== TASK DESCRIPTION ==
Below this line are records; transcribe exactly the lines between the one holding "Le goût de Bombay" and the one holding "Brand New Fender", inclusive, and omit the pictures.
Top of AVAILABLE RECORDS
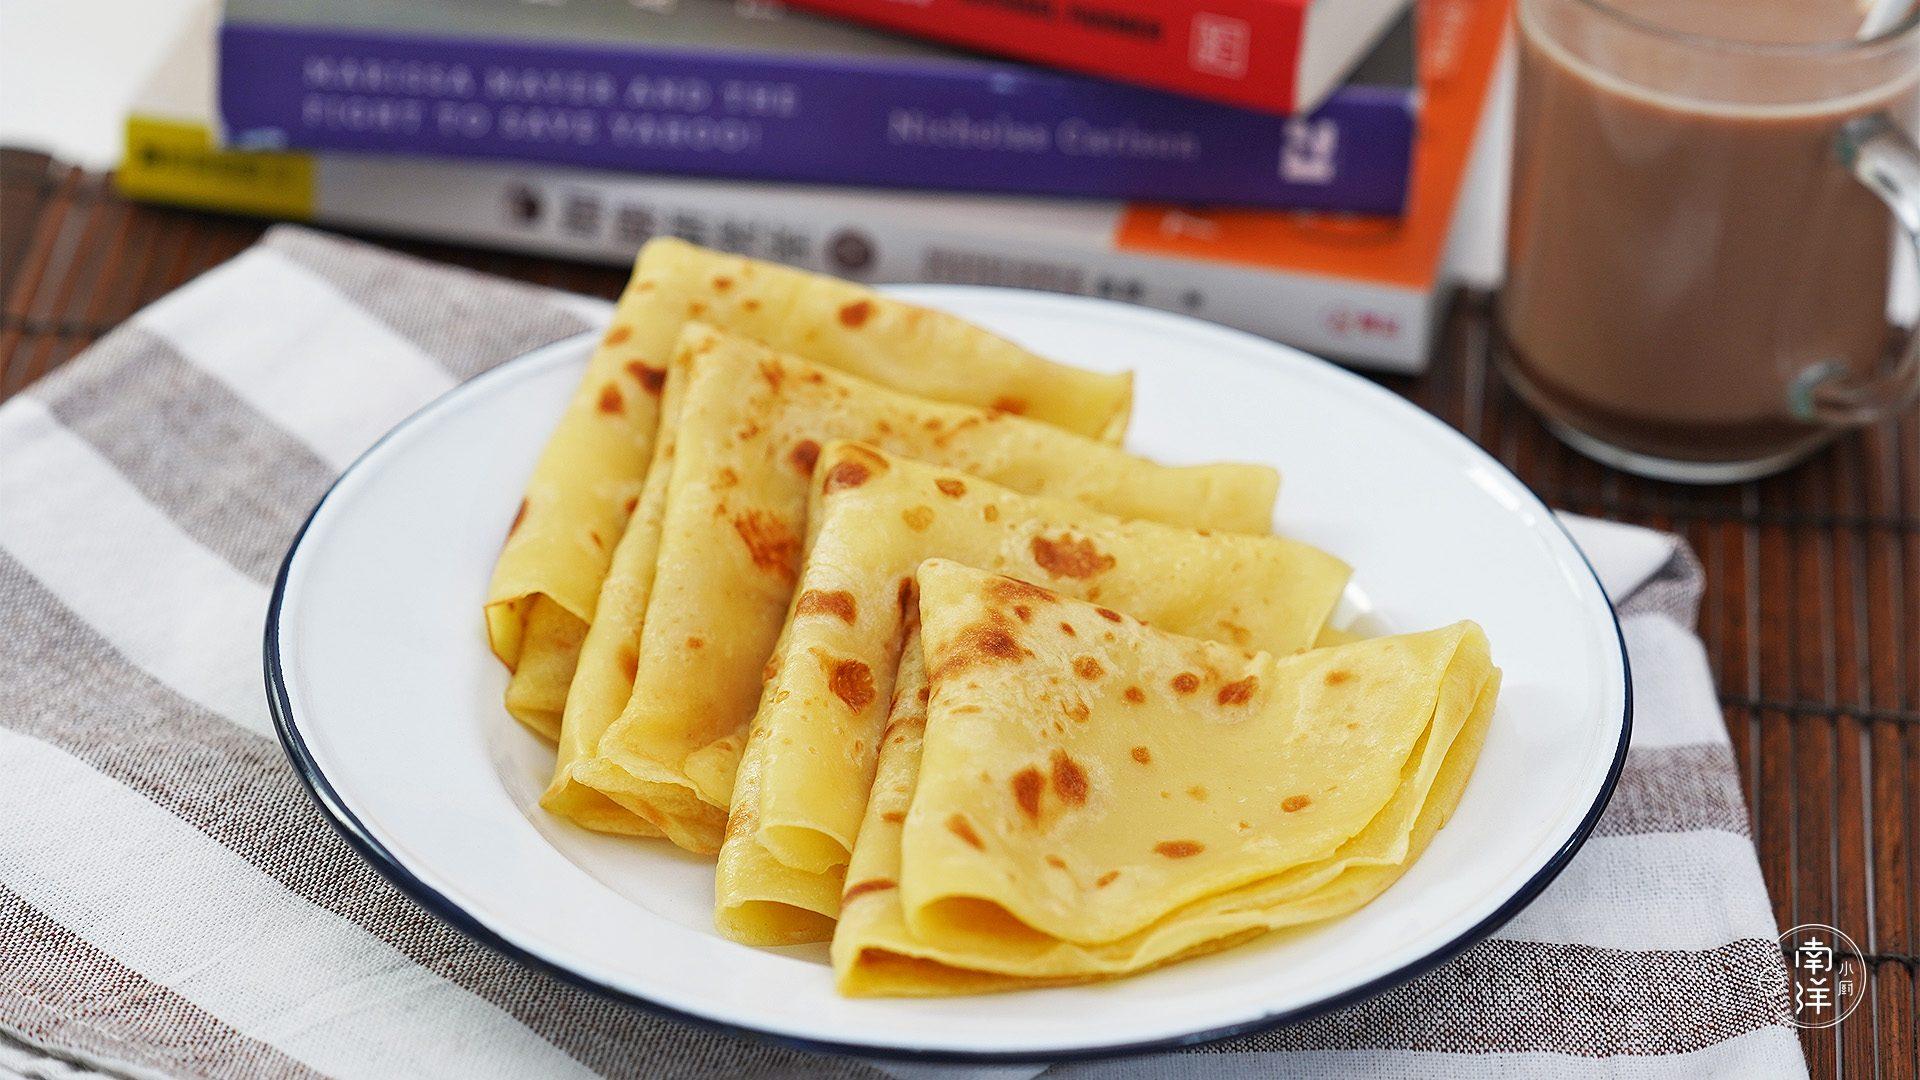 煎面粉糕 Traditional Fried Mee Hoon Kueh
Bottom of AVAILABLE RECORDS
Top of AVAILABLE RECORDS
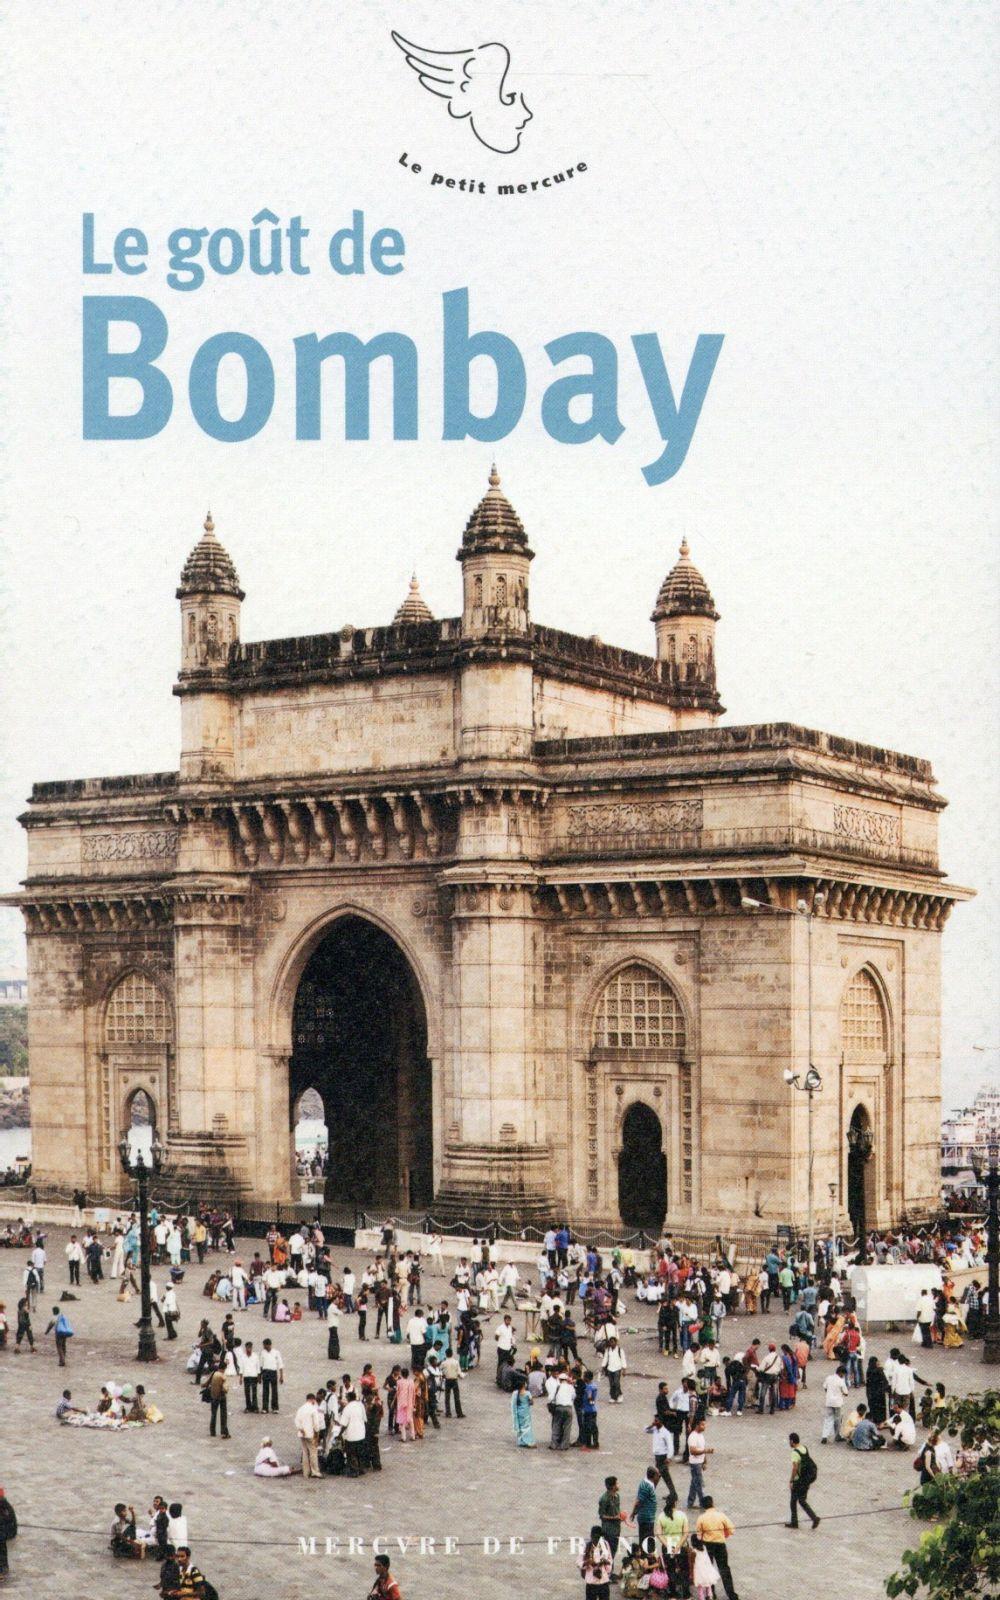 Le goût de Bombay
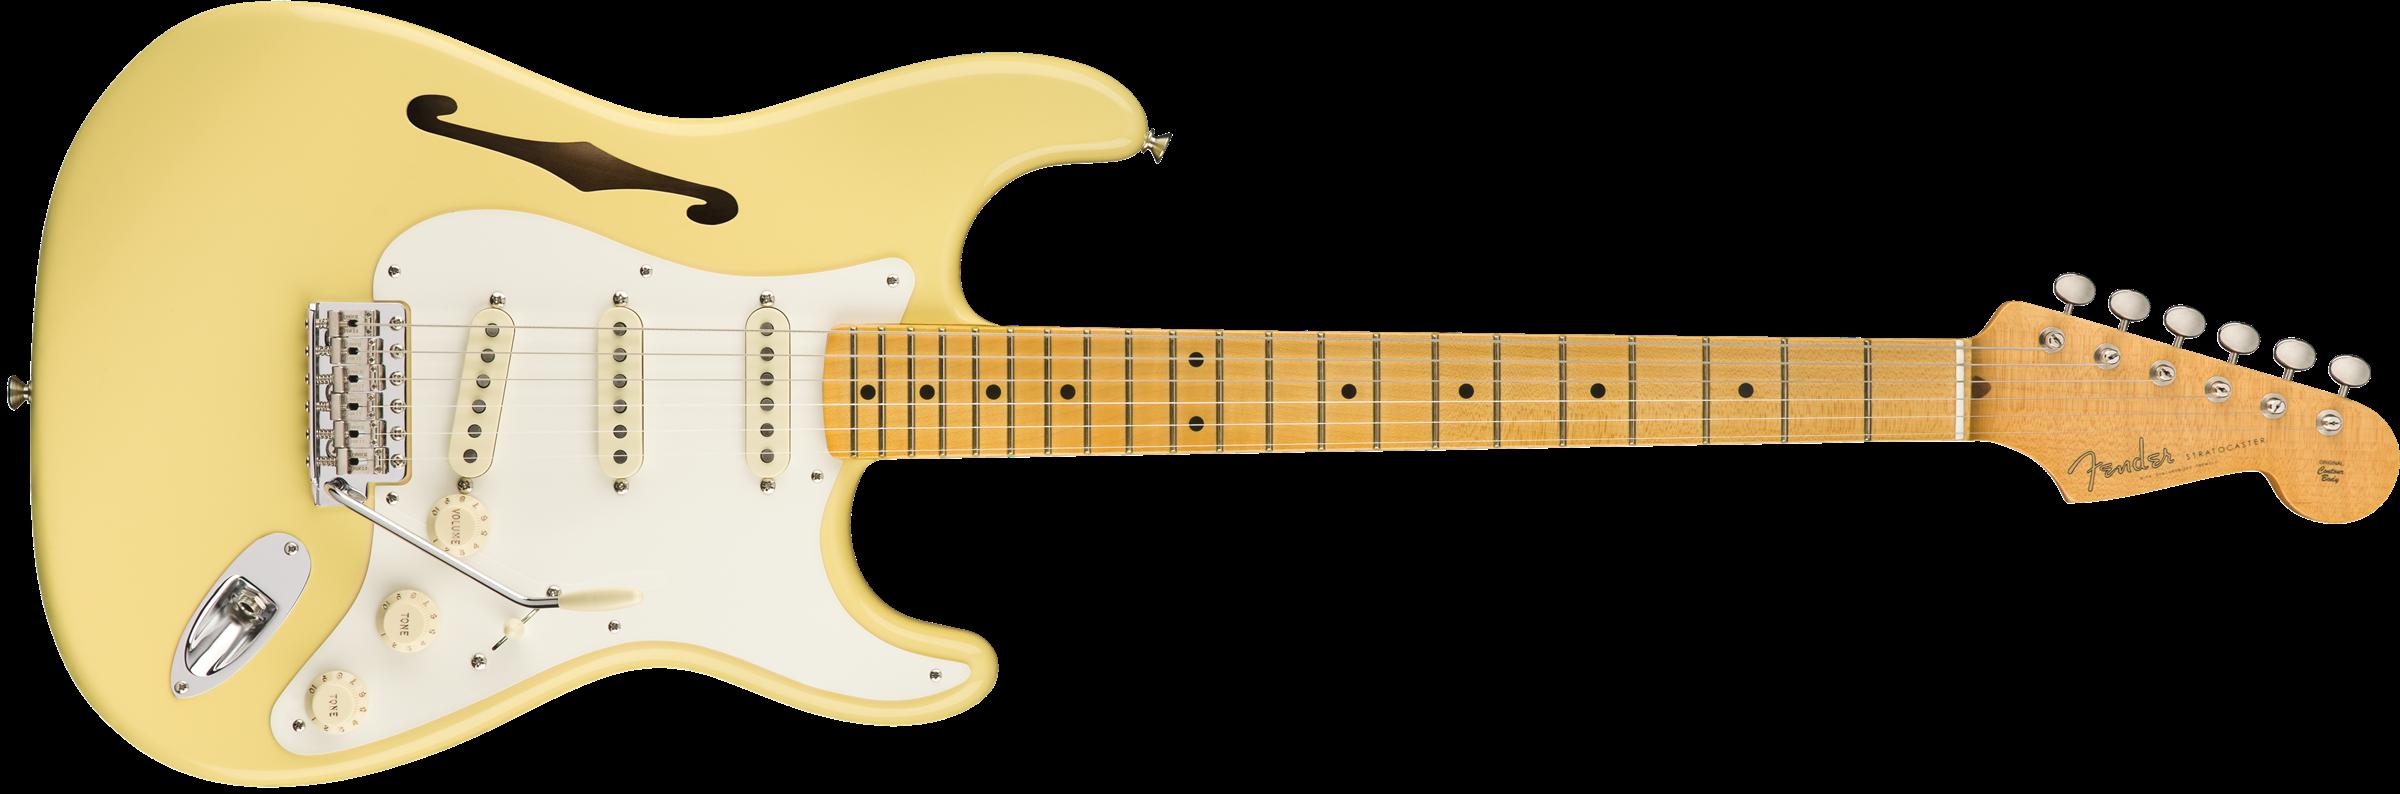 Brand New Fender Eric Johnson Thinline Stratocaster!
Bottom of AVAILABLE RECORDS
== EXERCISE SOLUTION ==
 Le goût de Bombay
 Brand New Fender Eric Johnson Thinline Stratocaster!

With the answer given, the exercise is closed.